This was on Thursday evening. On Saturday evening everybody was astonished to see Maggie come bounding in, with a step as light and quick as a playful lamb.

"Where's mother? Is she well? Has anything happened? Where is father? Is everything all right with him?" were the questions she asked, in such rapid succession that nobody could answer any one of them.

"Where is Tom? Is he well? Where is Mr. Pease and Mrs. Pease? Are they well? Is mother in the kitchen?"

"Yes, yes, yes, yes, to the whole string."

Away she went, three stairs at a time, and then she almost overwhelmed her mother with kisses and questions; and up she went to the third story, and there was father in his room, reading the Bible. When had she ever seen that before? The last time she saw him, he was so dreadfully intoxicated that he did not know his own child, that was lifting him out of the gutter. Now he was sober, well clothed, cheerful, and happy. As she opened the door he read:

"Who hath woe? who hath sorrow? who hath contentions? who hath babbling? who hath wounds without cause? who hath redness of eyes?

"They that tarry long at the wine; they that go to seek mixed wine.

"Look not thou upon the wine when it is red; when it giveth his color in the cup; when it moveth itself aright.

"At the last it biteth like a serpent and stingeth like an adder.

"Thine eyes shall behold strange women, and--"

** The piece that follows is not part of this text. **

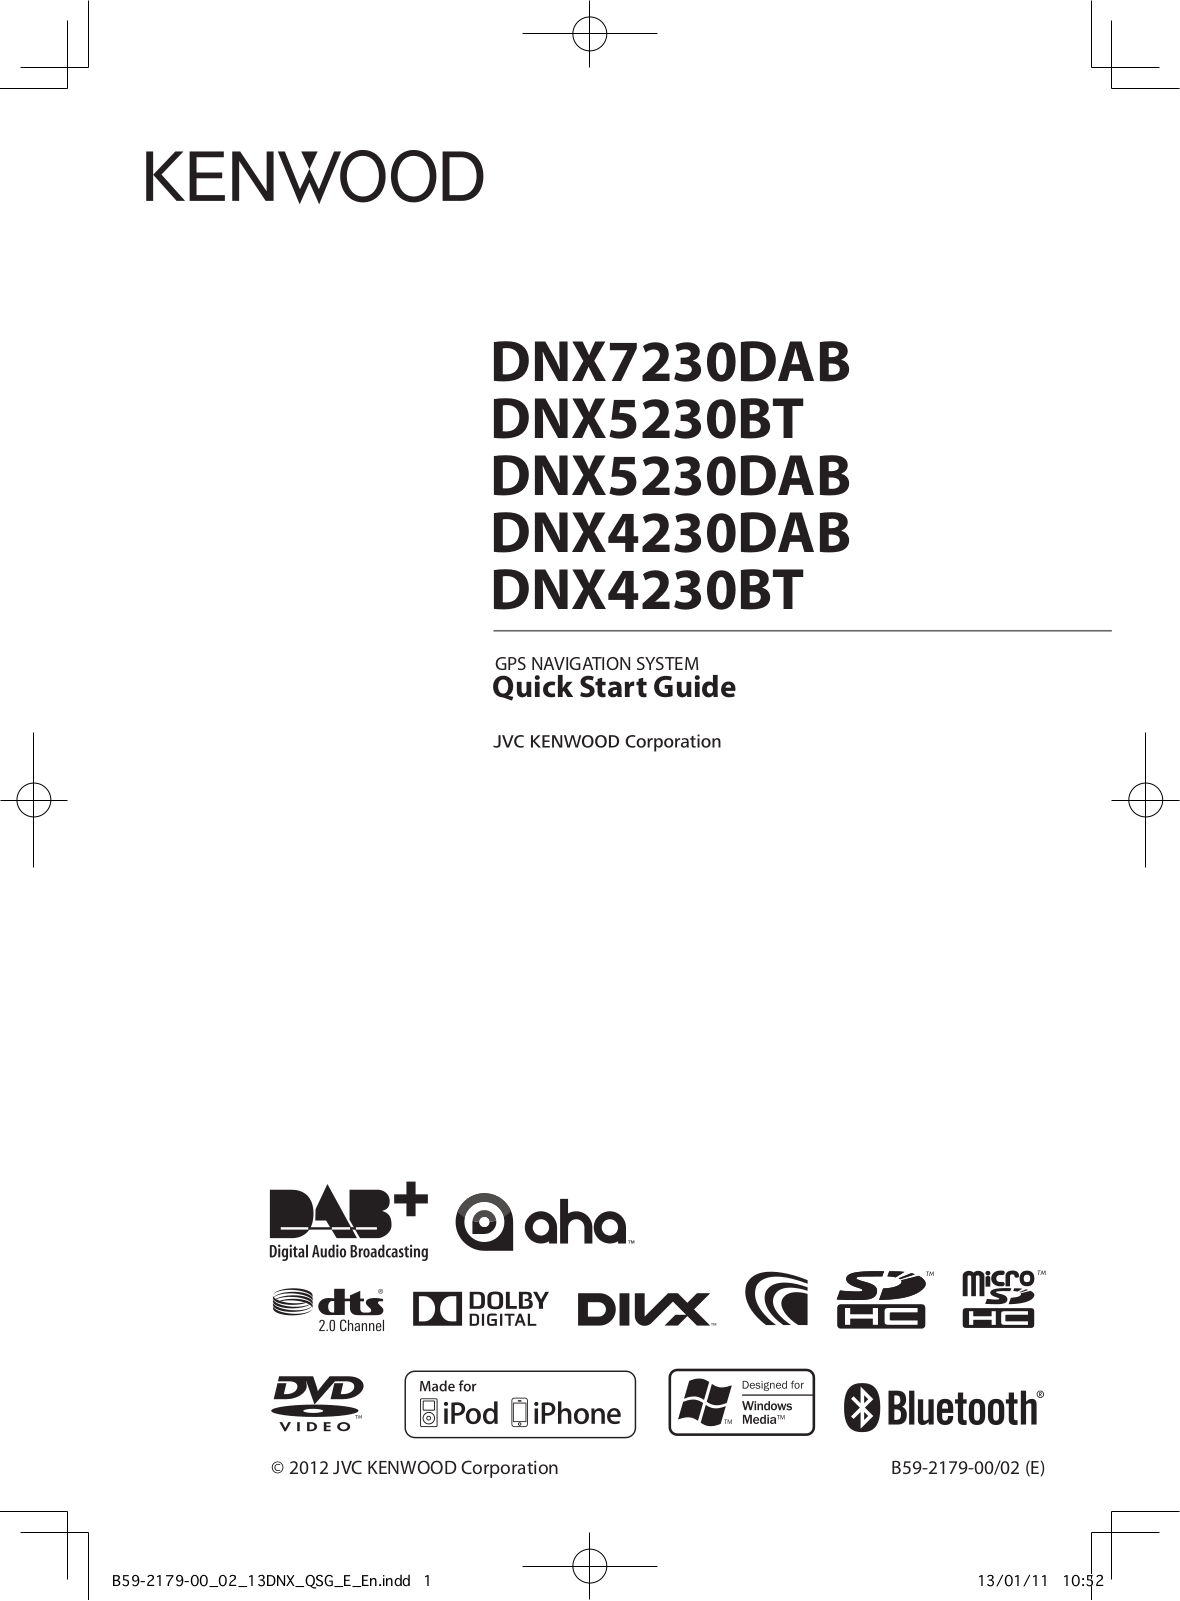 Kenwood DNX7230DAB User Manual

And he looked up, as his ear caught a little rustle of a woman's clothes, and his eyes beheld a strange woman--a beautiful, neatly-dressed young woman, with laughing, bright eyes and rosy cheeks, and such a saucy little straw hat, so tastily trimmed--Mrs. Morgan did that--and altogether such a lady-like girl, that he did not recognise her, and he turned his eyes again to the book and repeated:

"Thine eyes shall behold strange women--"

"Father!"

The book dropped from his knees to the floor, as he sprang towards her.

"Am I so strange, father, that you did not know me?"

"Indeed, my daughter, I was afraid to speak; I did not know but a strange woman had been sent to punish me, to 'sting me like an adder.' Oh, Maggie, you don't know how I feel that I deserve it. And yet you are so good. You are a strange woman. It is strange, passing strange, to think that my daughter, my little neglected, dirty, ragged, mischievous--"

"Wild Maggie, father."

"Yes, she had run wild; should be the lovely--you do look lovely, Maggie--girl now in my arms. Oh, Maggie! Maggie! this is all your work."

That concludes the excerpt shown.